Am Donnerstag erhielt der griechische Ministerpräsident Alexis Tsipras vom Zentralkomitee seiner Partei Syriza (Koalition der Radikalen Linken) grünes Licht, um mit der Europäischen Union über weitere Sparmaßnahmen zu verhandeln. Das ZK vertagte die Diskussion über ein Rettungspaket der Eurozone für Griechenland in Höhe von 86 Milliarden Euro auf einen Parteikongress im September, nachdem die Verhandlungen über das Rettungspaket schon abgeschlossen sein müssen.

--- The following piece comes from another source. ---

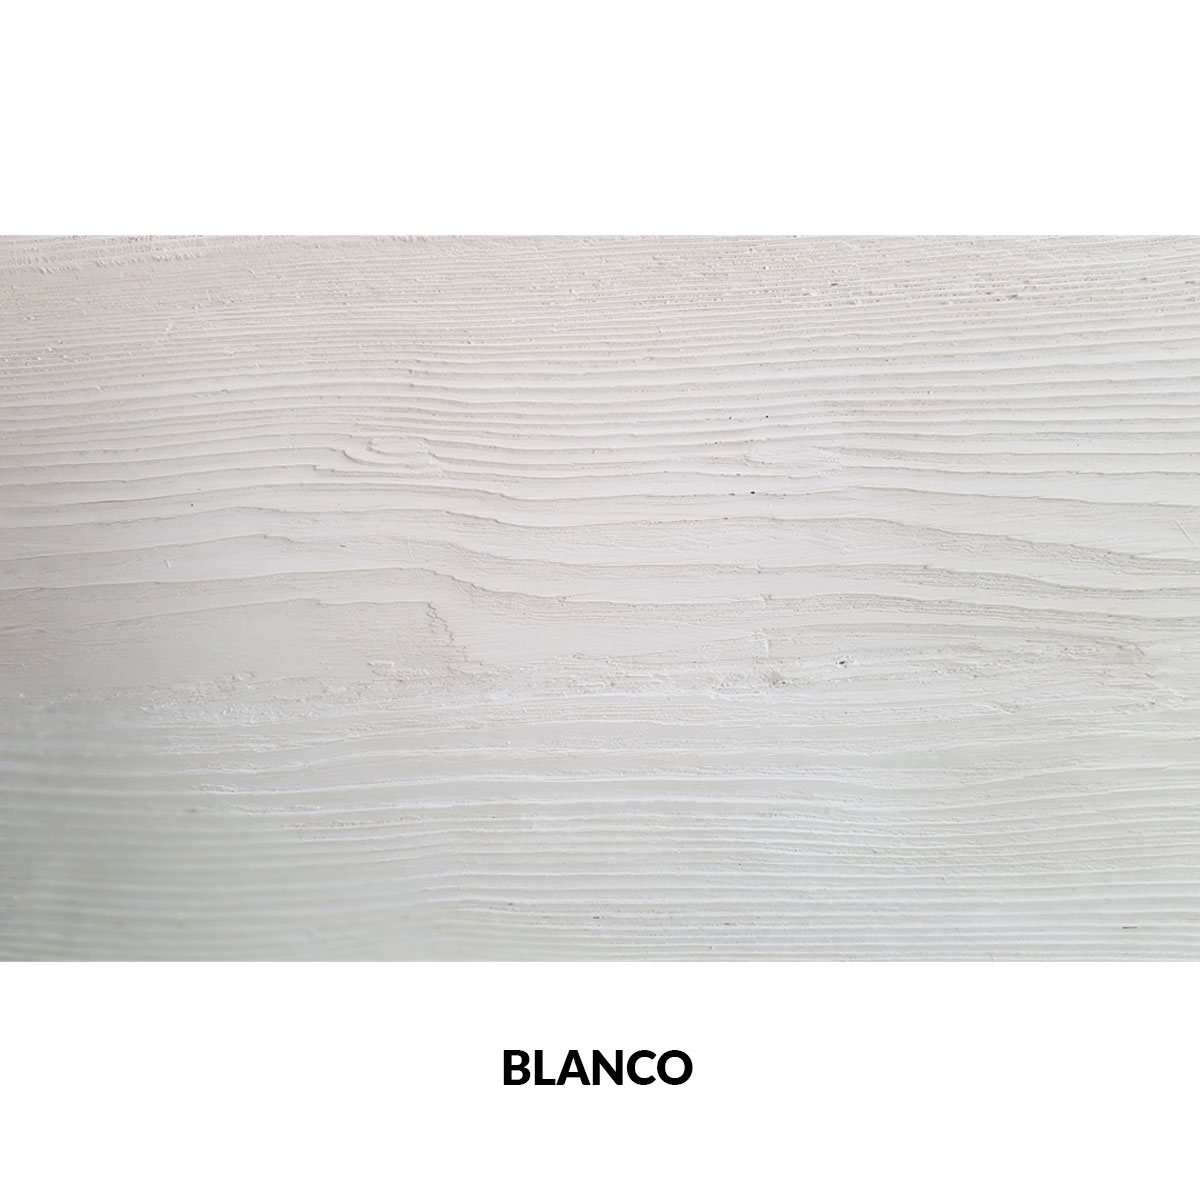 Panel rústico de tres lamas imitación madera de 300x62cm blanco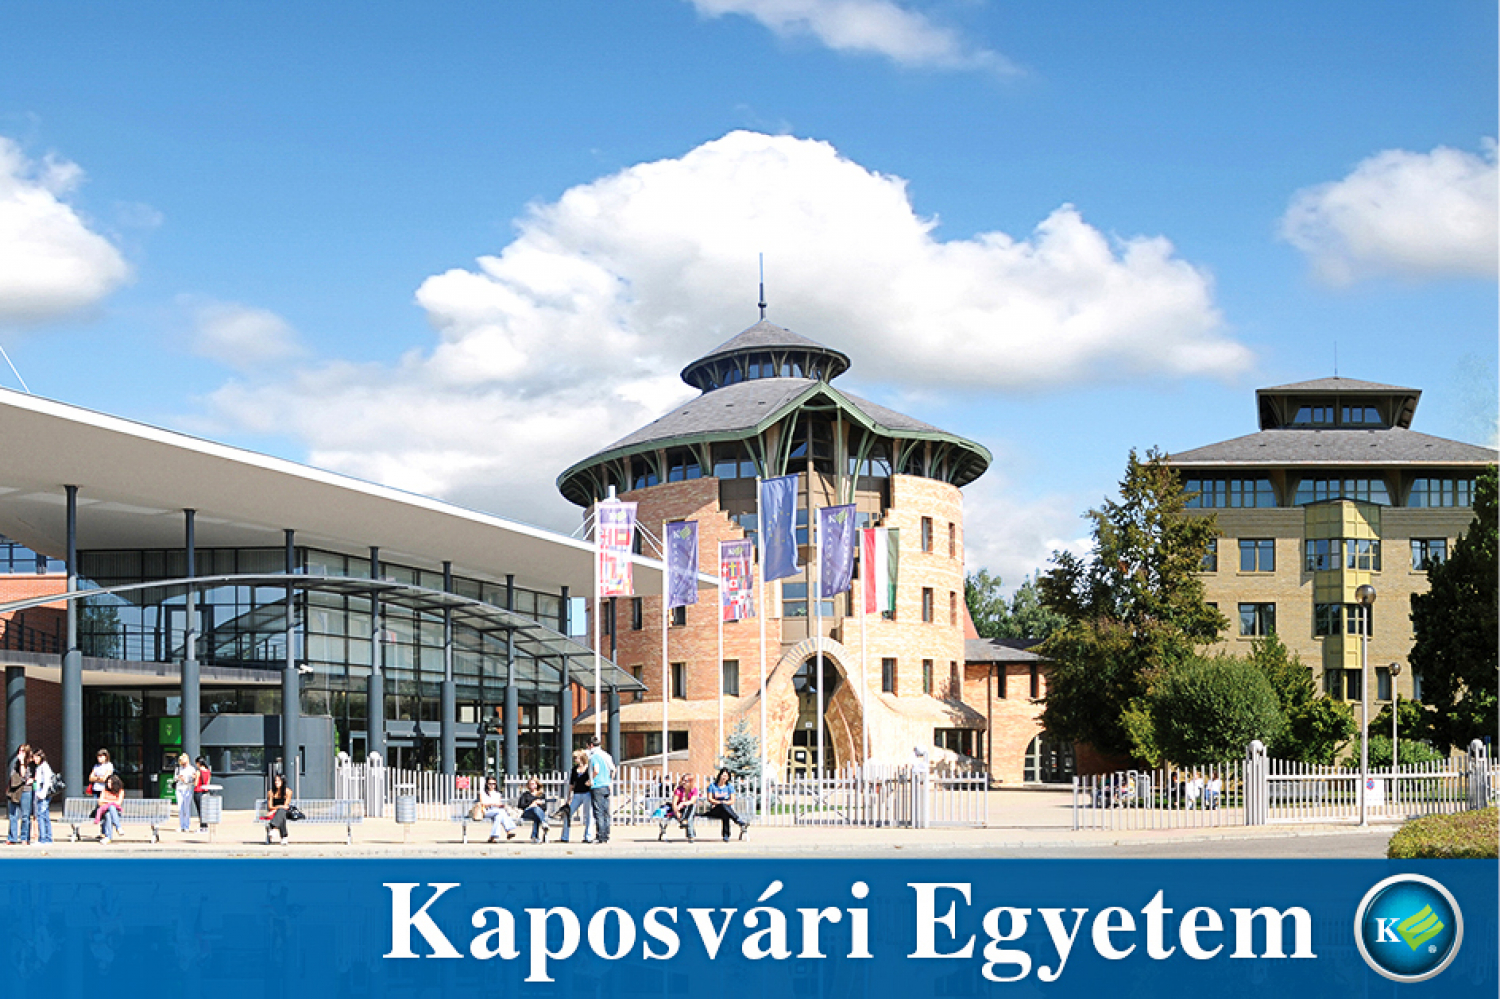 Keresztény Értékrendű Vezetés szakirányú továbbképzés indul a Kaposvári Egyetemen

Die Entscheidung des Zentralkomitees entlarvt den Bankrott von Kräften wie der Linken Plattform von Syriza, die versuchen, die Bevölkerung trotz ihrer tiefen Unzufriedenheit in der politischen Zwangsjacke einer Unterstützung für Syriza gefangen zu halten. Am 13. Juli erklärte sich Tsipras bereit, weitere Kürzungen in Milliardenhöhe durchzusetzen und setzte sich damit über das eindeutige „Nein“ bei dem Referendum über den Sparkurs am 5. Juli hinweg. Eine Mehrheit der Syriza-Abgeordneten stimmte für die Kürzungen. Trotzdem hält die Linke Plattform weiter an der Illusion fest, die Politik Syrizas ändern zu können.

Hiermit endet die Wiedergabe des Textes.